CHAPTER X.
DATE AND PLACE OF COMPOSITION.
Jewish tradition, while admitting a Hezekian or post-Hezekian
redaction of the book, assigns the original authorship
of Ecclesiastes to Solomon. The Song of Songs it
regards as the monument of this king's early manhood, the
Book of Proverbs of his middle age, and the semi-philosophical
meditations before us as the work of his old age. The
tradition was connected by the Aggada with the favourite
legend[1] of the discrowned Solomon, but is based upon the
book itself, the passages due to the literary fiction of Solomon's
authorship (which Bickell indeed attributes to an interpolator)
having been misunderstood. Would that the author of the
Lectures on the Jewish Church had given the weight of his
name to the true explanation of these passages! The
reticence of the lines devoted in the second volume of the
Lectures to Ecclesiastes has led some critics to imagine that
according to Dean Stanley, this book, like much of Proverbs,
might possibly be the work of the 'wisest' of Israel's kings.
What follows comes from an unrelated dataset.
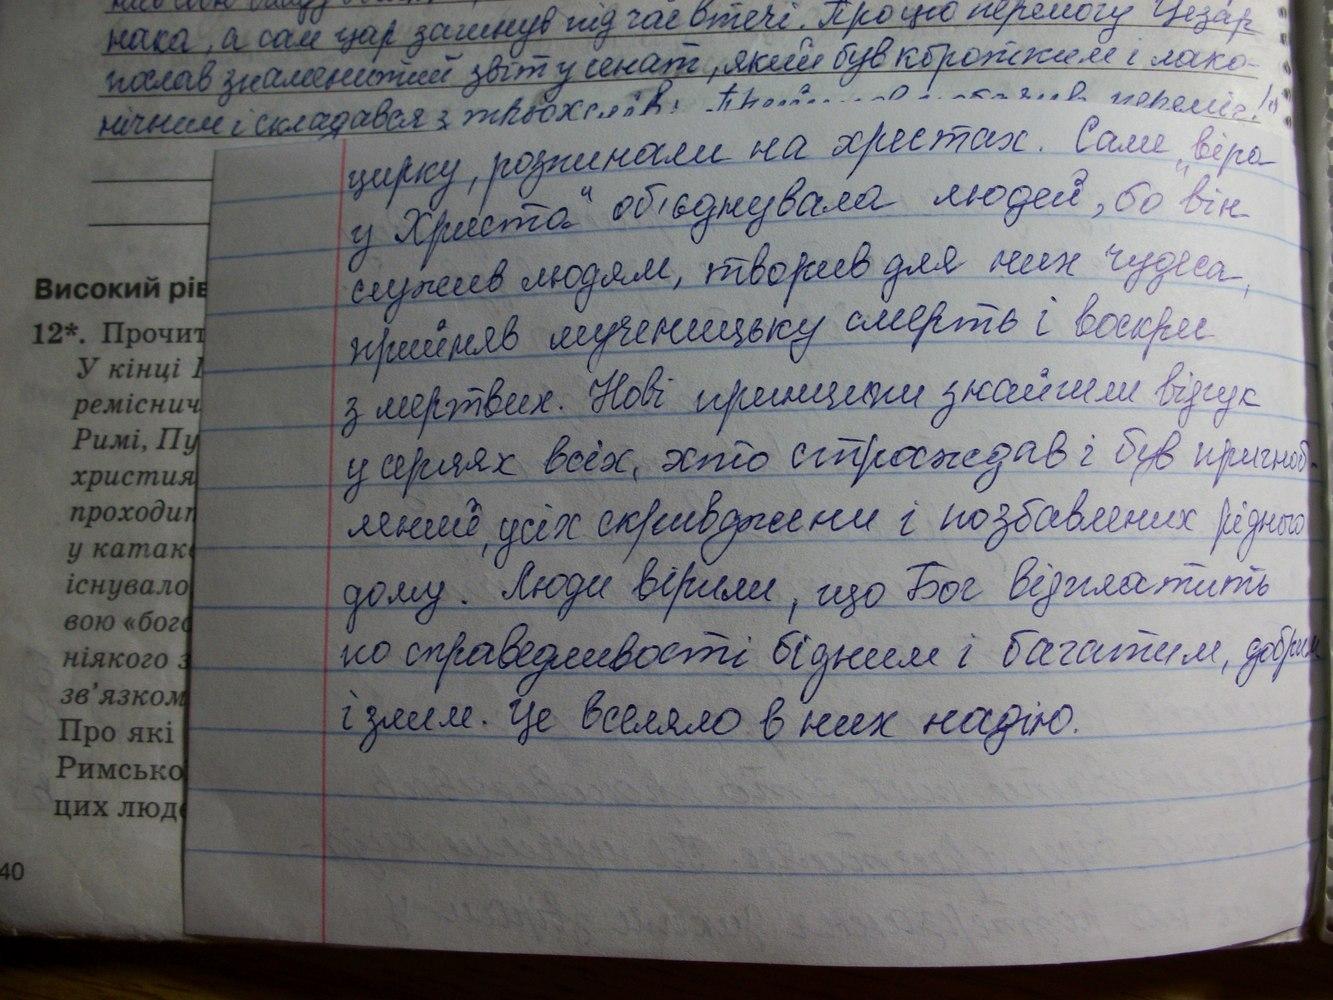 ГДЗ рабочие тетради 6 класс. Задание: стр. 30 (4)

Little had the author profited by Ewald if he really allowed
such an absolute legend the smallest standing-ground among
reasonable hypotheses! Whichever way we look, whether
to the social picture, or to the language, or to the ideas of the
book, its recent origin forces itself upon us. The social
picture and the ideas need not detain us here. Either
Solomon was transported in prophetic ecstasy to far distant
times (the Targum on Koheleth frequently describes him as
a prophet), or the writer is a child of the dawning modern
age of Judaism. The former alternative is plainly impossible.
Political servitude, and a generally depressed state of
- ↑ See the Midrasch Kohelet (ed. Wünsche, 1880), or Ginsburg, p. 38.